The number of sensors involved can also vary, and the most common ones for this purpose are thermal cameras, optical cameras, and radar. Choosing the best techniques to obtain maritime situational information is not trivial since the literature offers a huge amount of model options that employ optical data. To make their application even more complicated, weather or water conditions, such as wind speed, tidal changes, rain, and fog, can, for example, blur or entirely obstruct objects in an image. Additionally, the increasing distance between the monitored object and the sensors can also aggravate visual tasks, as it can cause a high-scale variation.
2. Image Acquisition
During image capture, several types of sensors can be used. However, the focus of this work is on the use of optical sensors, be they remote, installed on satellites or aircraft, or those that observe from a side view, such as those installed in inshore or offshore scenarios, such as on other ships or fixed constructions on land, usually near the coast.

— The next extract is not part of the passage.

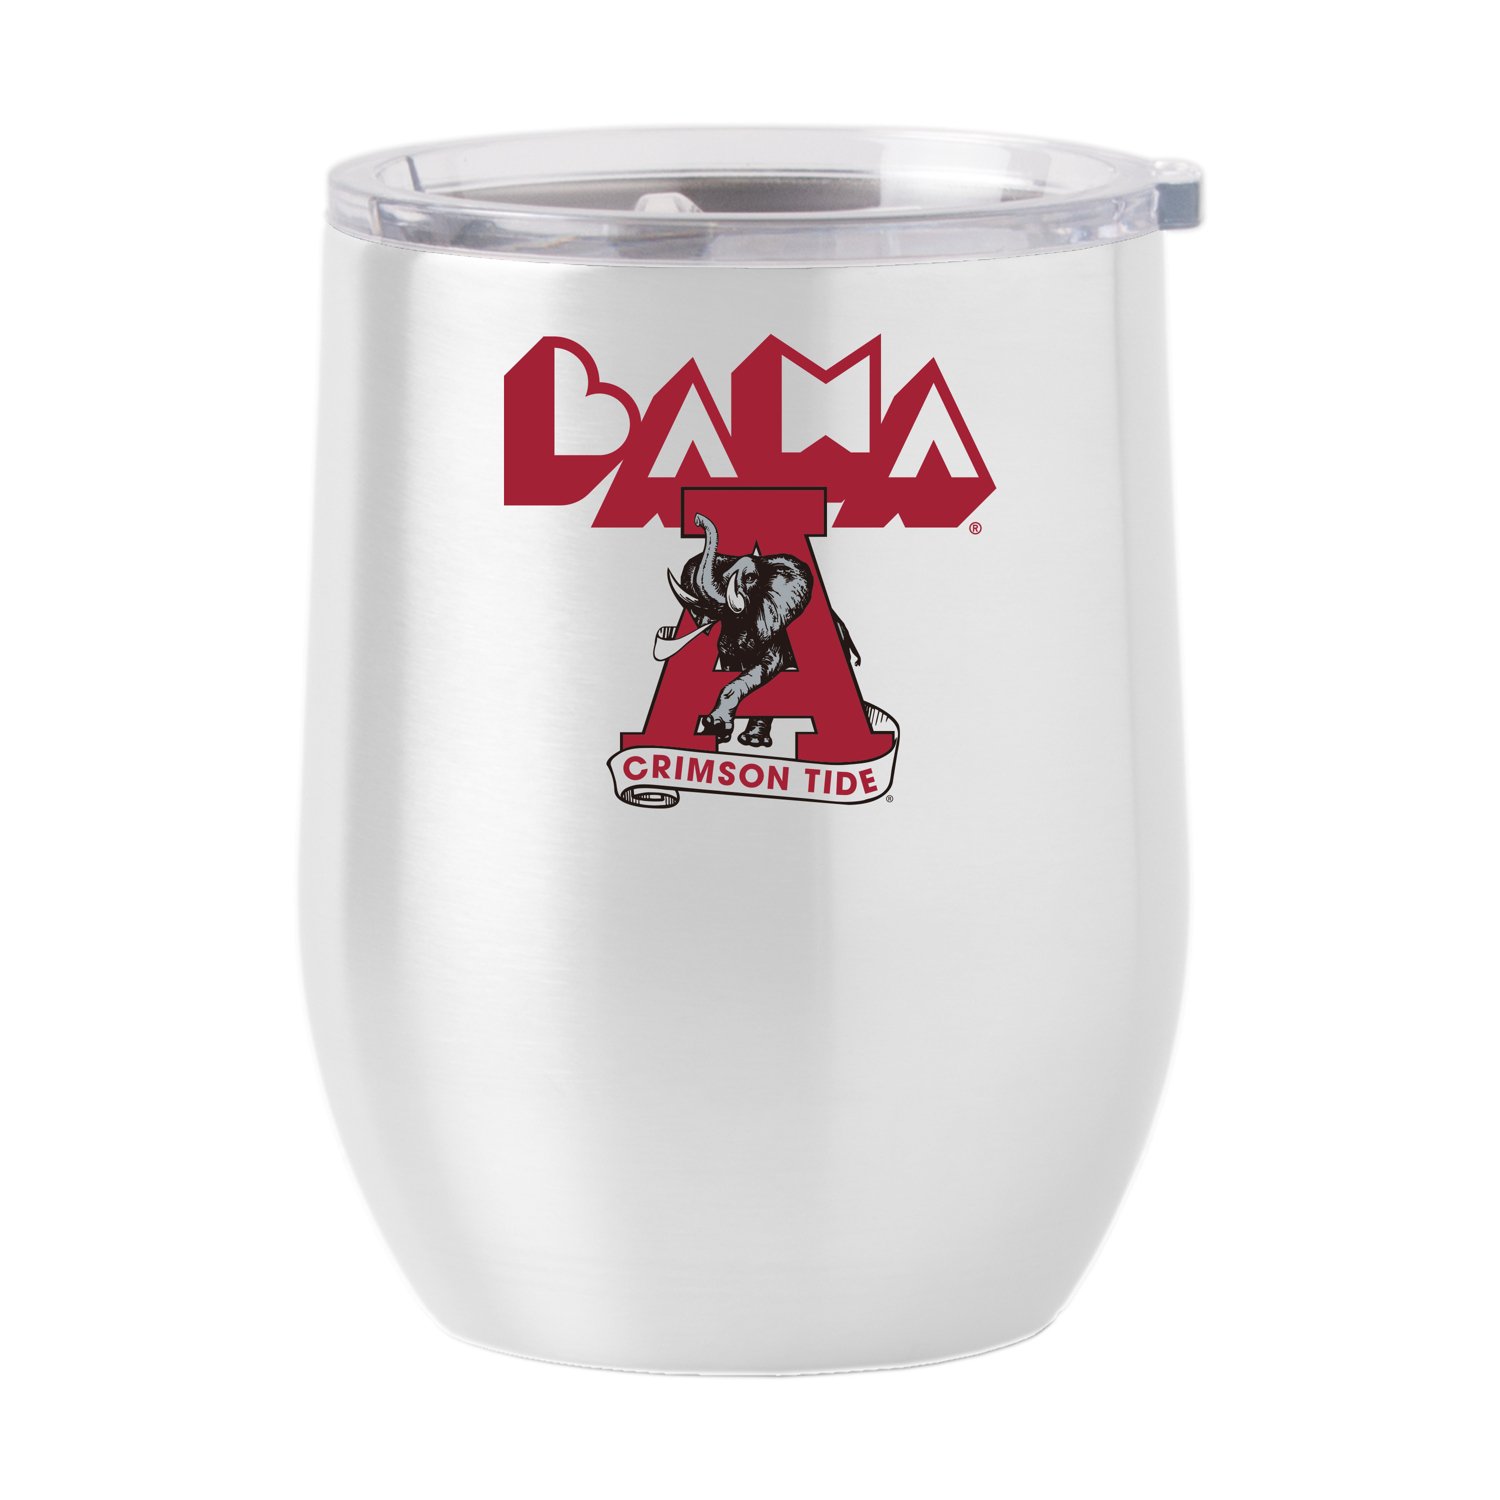 https://academy.scene7.com/is/image/academy//drinkware/logo-brands-university-of-alabama-16-oz-arcade-stainless-curved-beverage-tumbler-102v-s16cb-59-white/05897b59d90646a8965a6eabaad2d9d7?$pdp-gallery-ng$

Optical images can still be divided into visible and infrared (IR) spectra, and the range of both is very similar, from the order of meters to at most a few kilometers. The main differences between optical sensors are related to sensitivity to the environment and the quality and quantity of visual information generated by the sensor
[7].
Comparing the sensitivity to illumination, both sensor types have problems working outside their respective designations, i.e., while the visible light sensor performs poorly for nighttime applications, the IR sensor presents high saturation in images captured during the day. In addition, the visible light sensor is less robust to the effects of light reflection on ships caused by water dynamics. However, the visual data generated are more detailed when compared to the quality and quantity of elements captured by a visible sensor
[7]. Thus, this sensor can lead to the training of detectors with higher reliability.
Optical remote sensing images suffer from weather conditions, such as rain, waves, fog, and clouds, which causes the need, in some cases, for preprocessing of the image to improve the image quality that will be analyzed.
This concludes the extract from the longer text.